**RECORDED INFORMATION**:
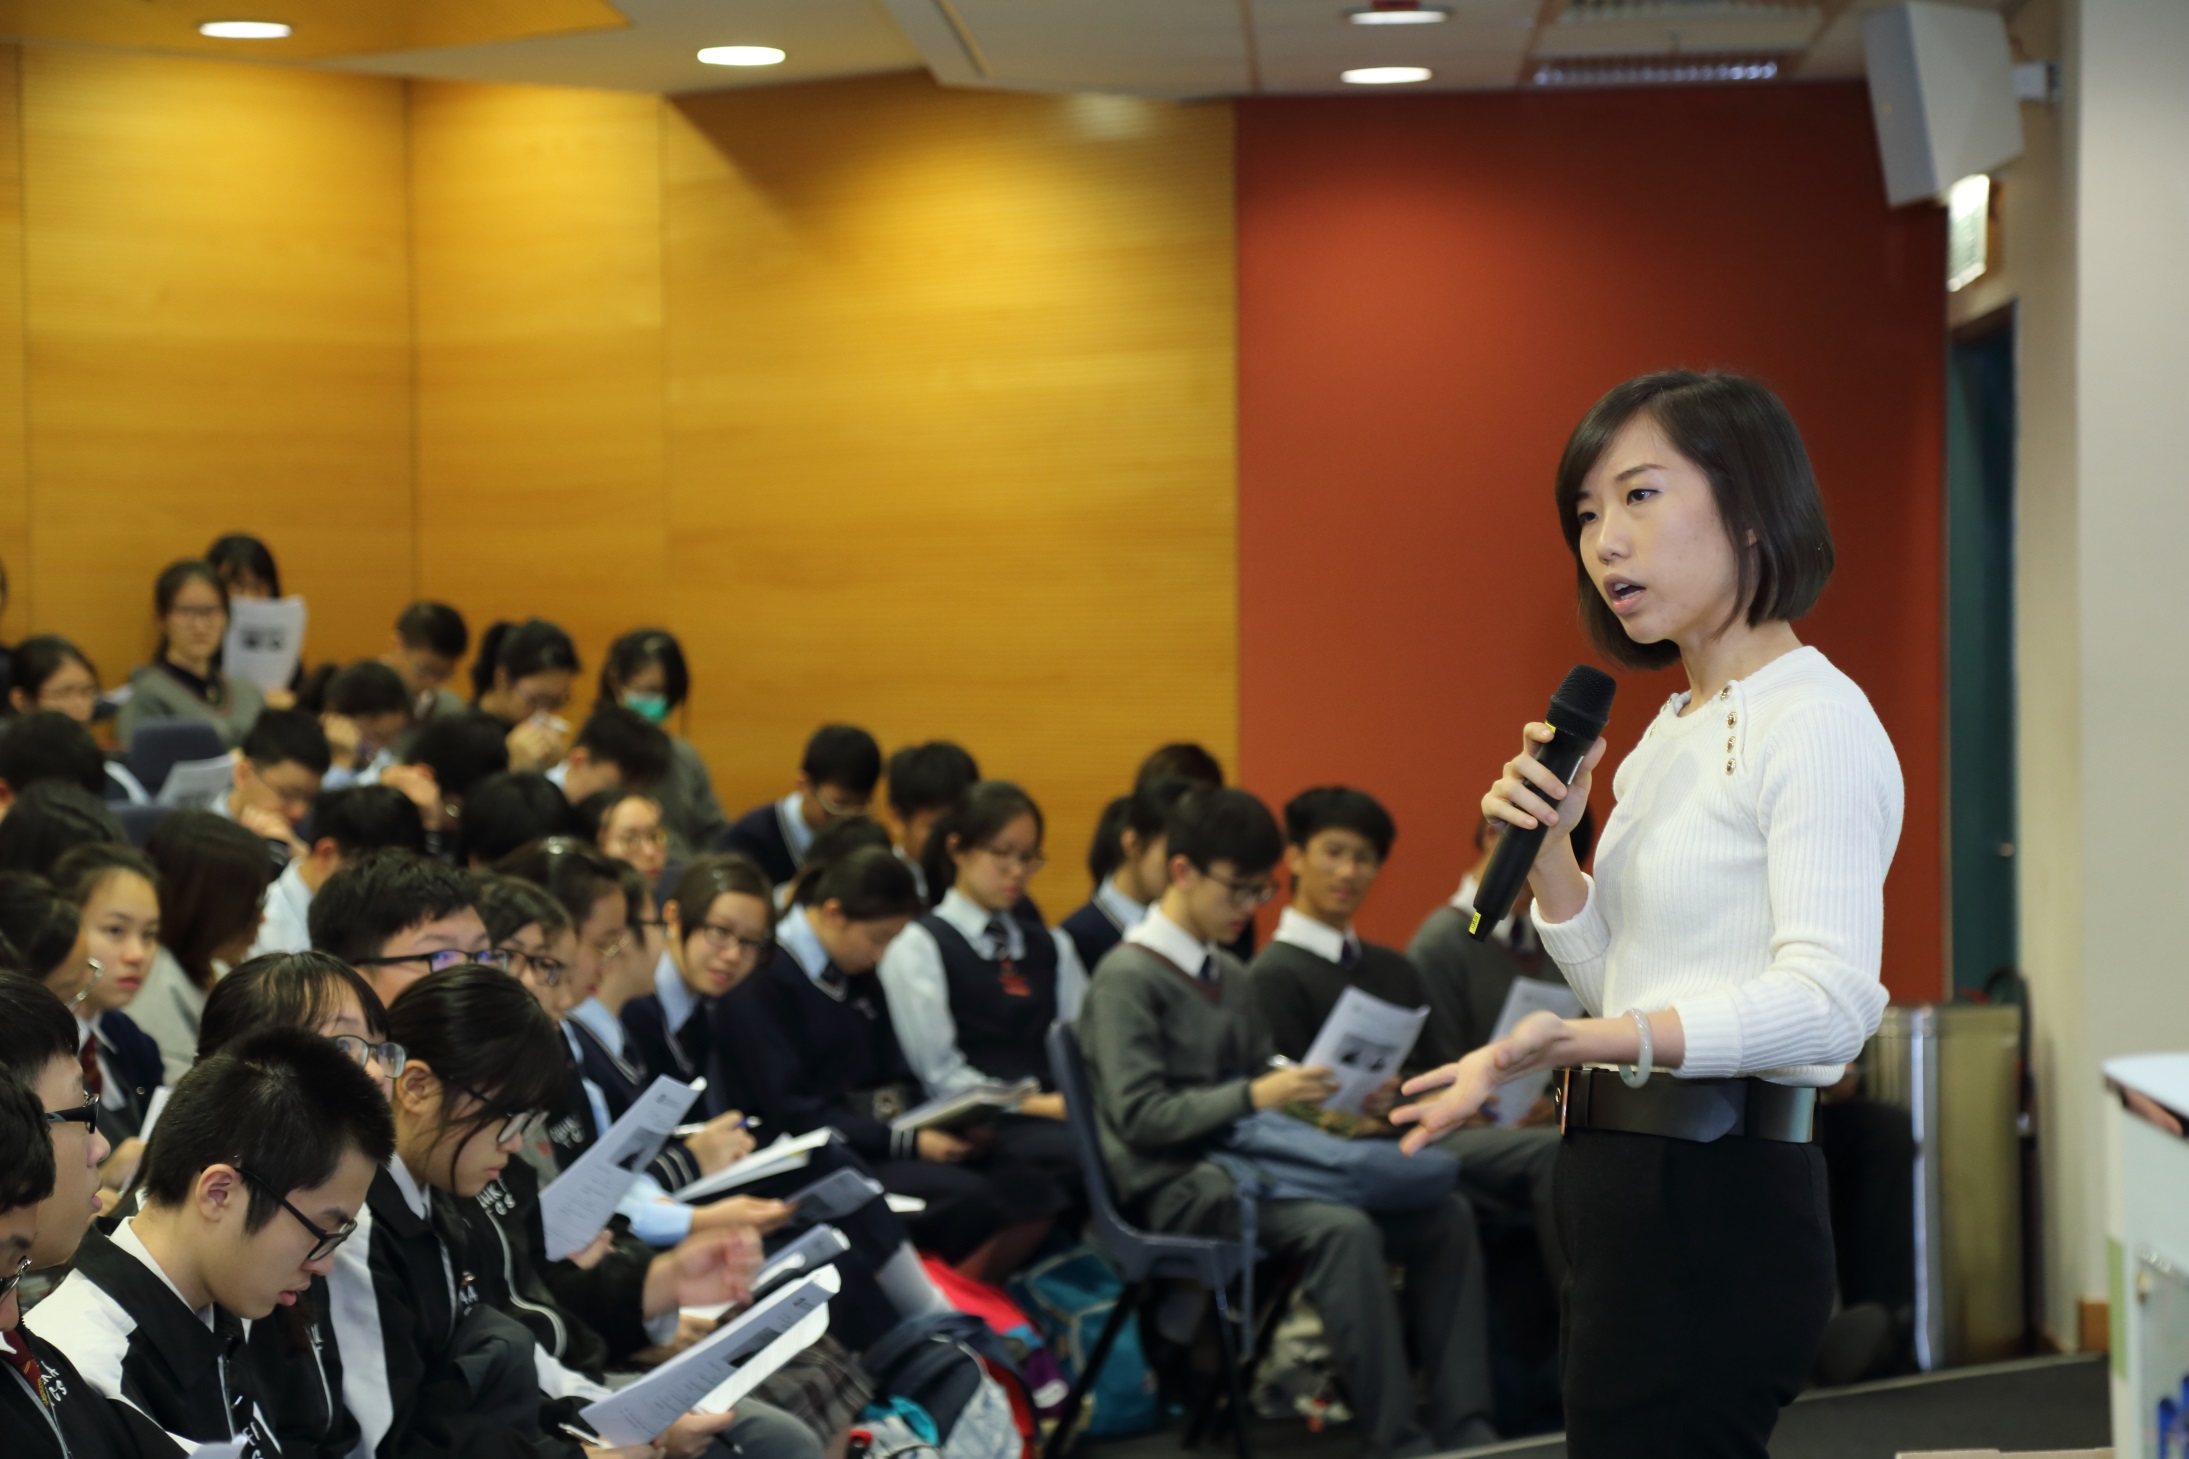 国际学院连系社区为400多名中学生提供英语训练
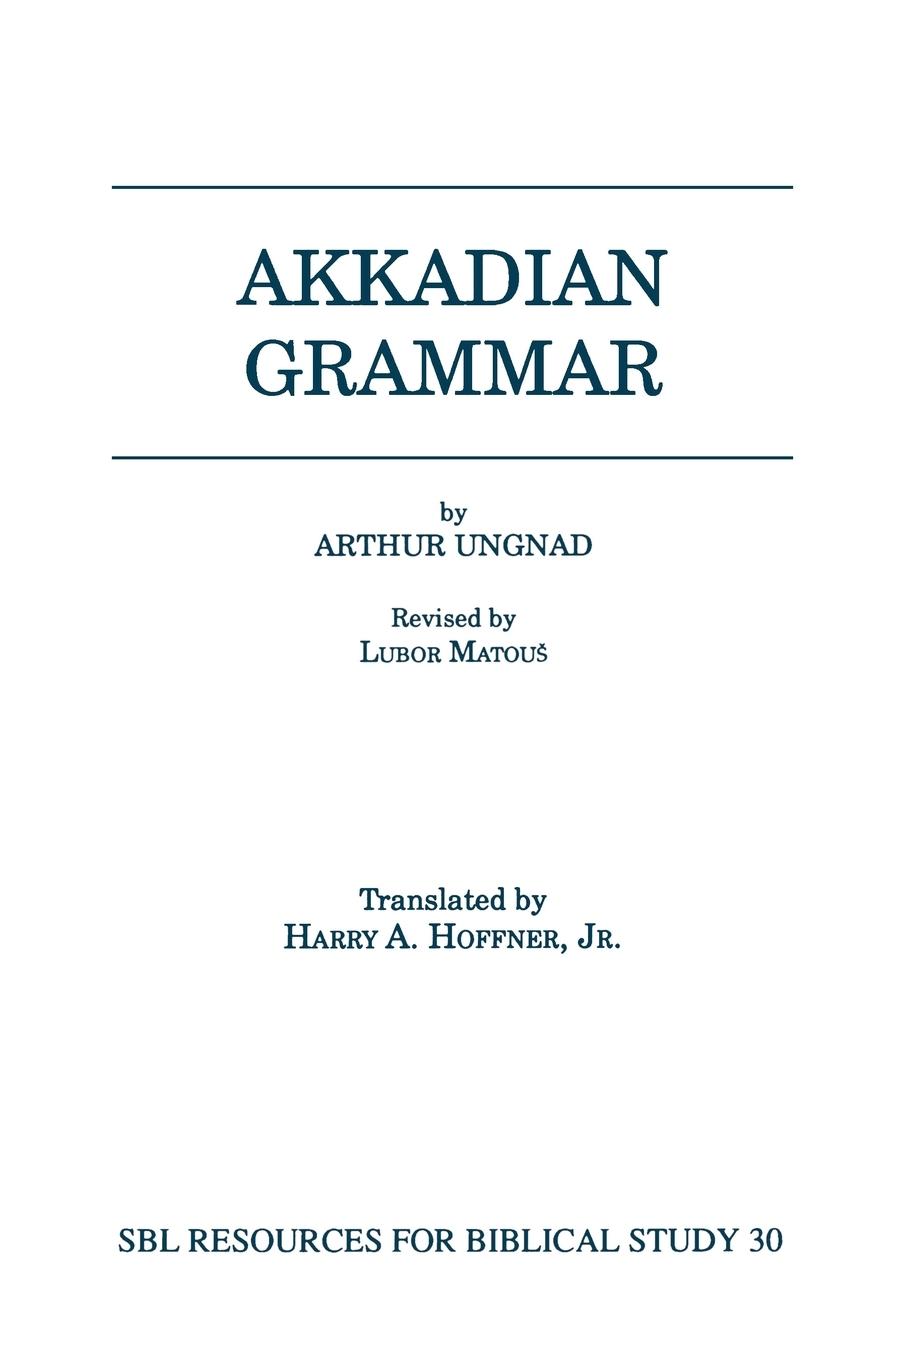 Akkadian Grammar - Ungnad, Arthur
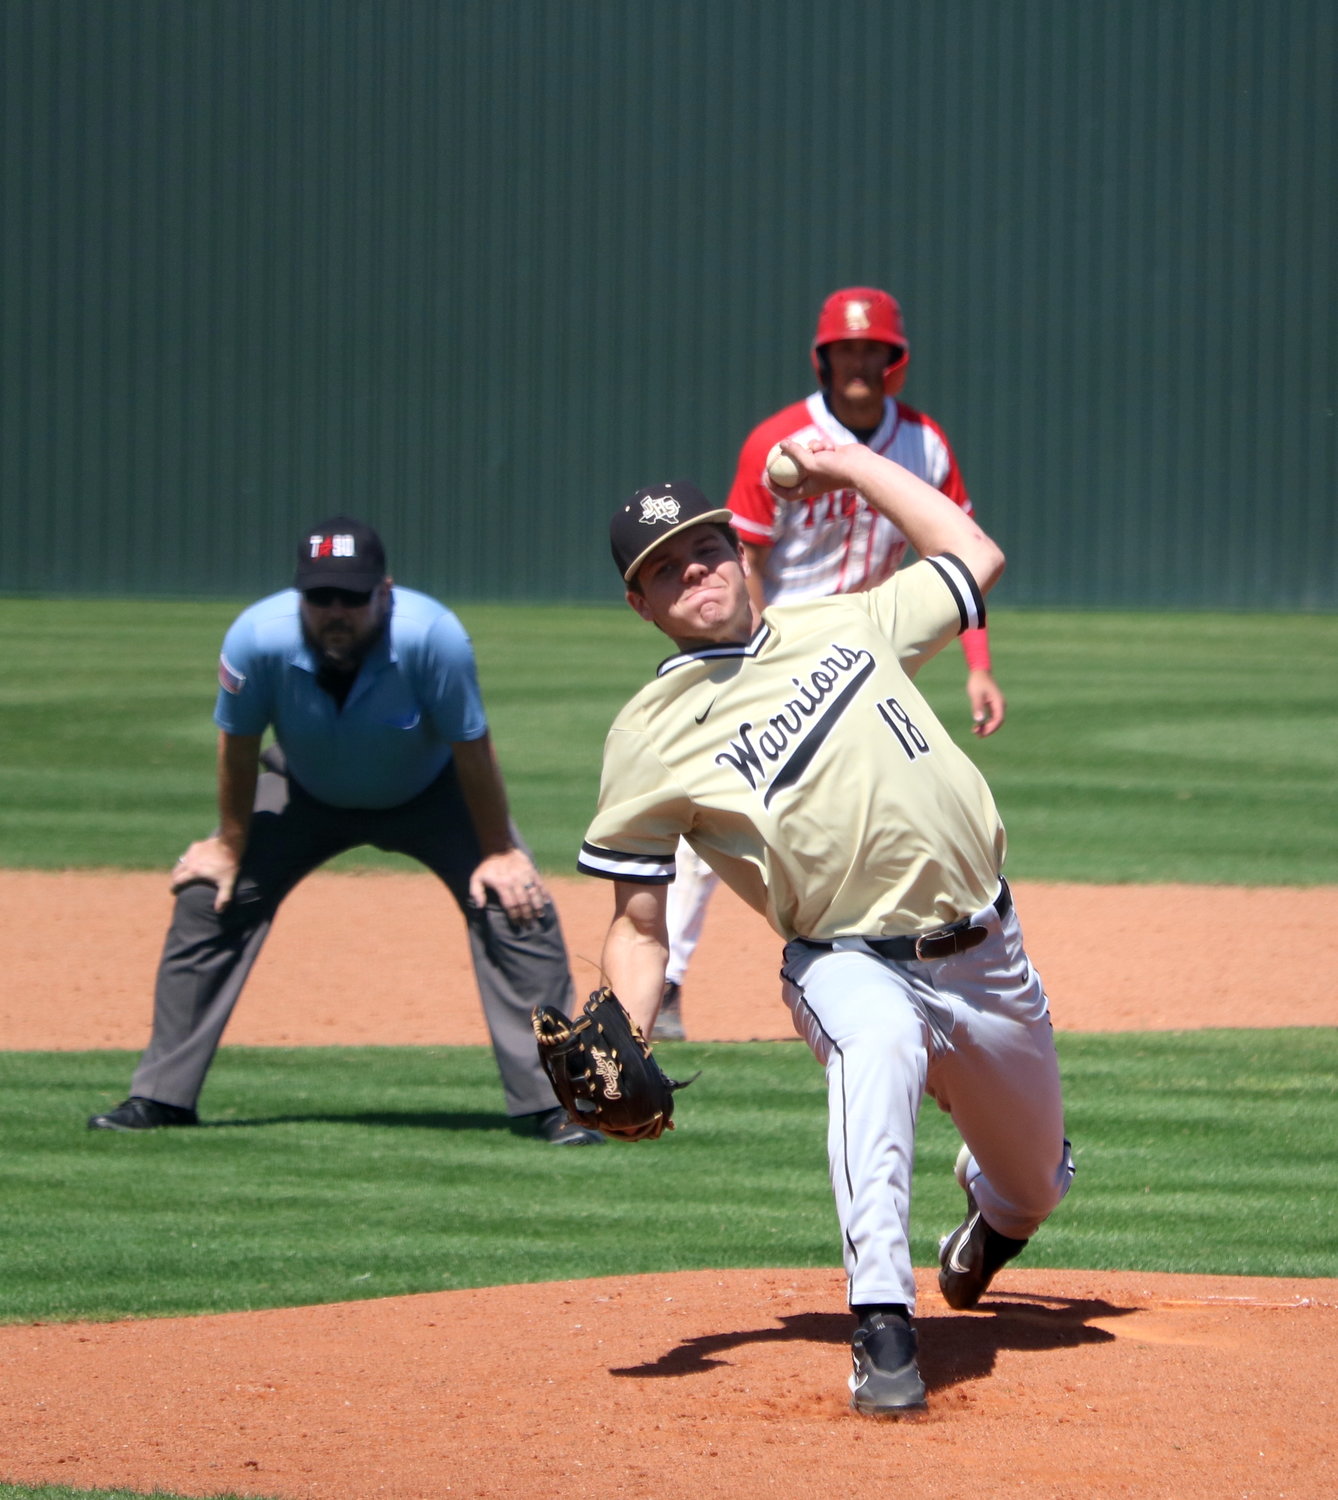 Davis Duhon pitches during Saturday's game between Katy and Jordan at the Katy baseball field.
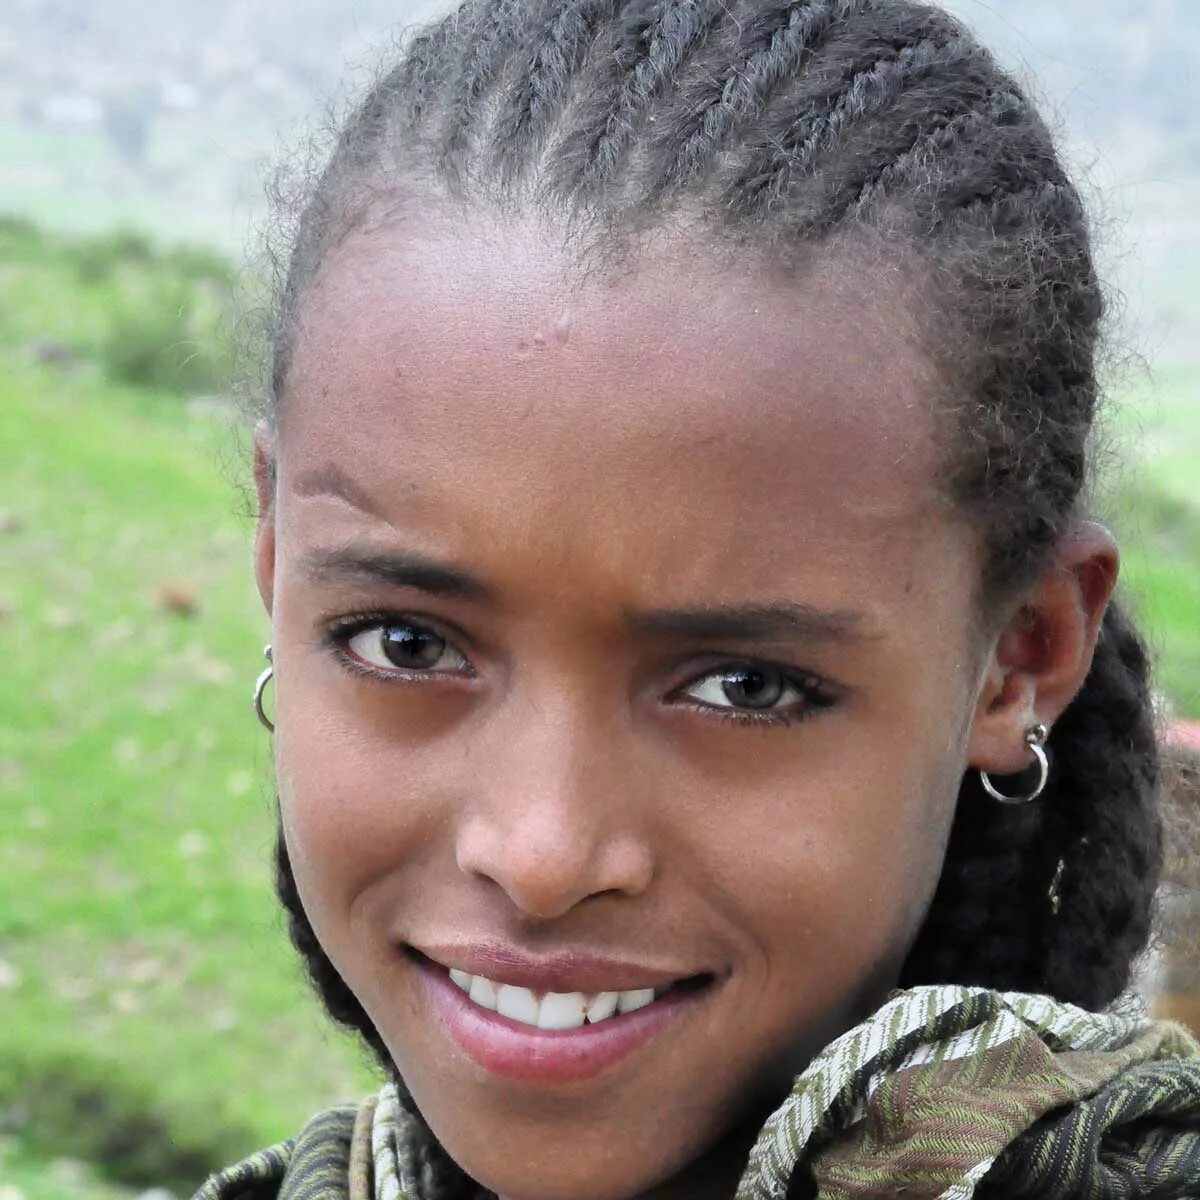 Эфиоп. Австралоидная раса. Мальгаши раса. Абиссинцы эфиопы. Восточноафриканская (эфиопская) раса.

**EXERCISE GOAL**:
Please copy the data above word for word, but only from the line that contains "Akkadian Grammar - Ungnad, Arthur" through the final line, both included, and without the pictures.

**RESPONSE BOX**:
 Akkadian Grammar - Ungnad, Arthur
 Davis Duhon pitches during Saturday's game between Katy and Jordan at the Katy baseball field.
 Эфиоп. Австралоидная раса. Мальгаши раса. Абиссинцы эфиопы. Восточноафриканская (эфиопская) раса.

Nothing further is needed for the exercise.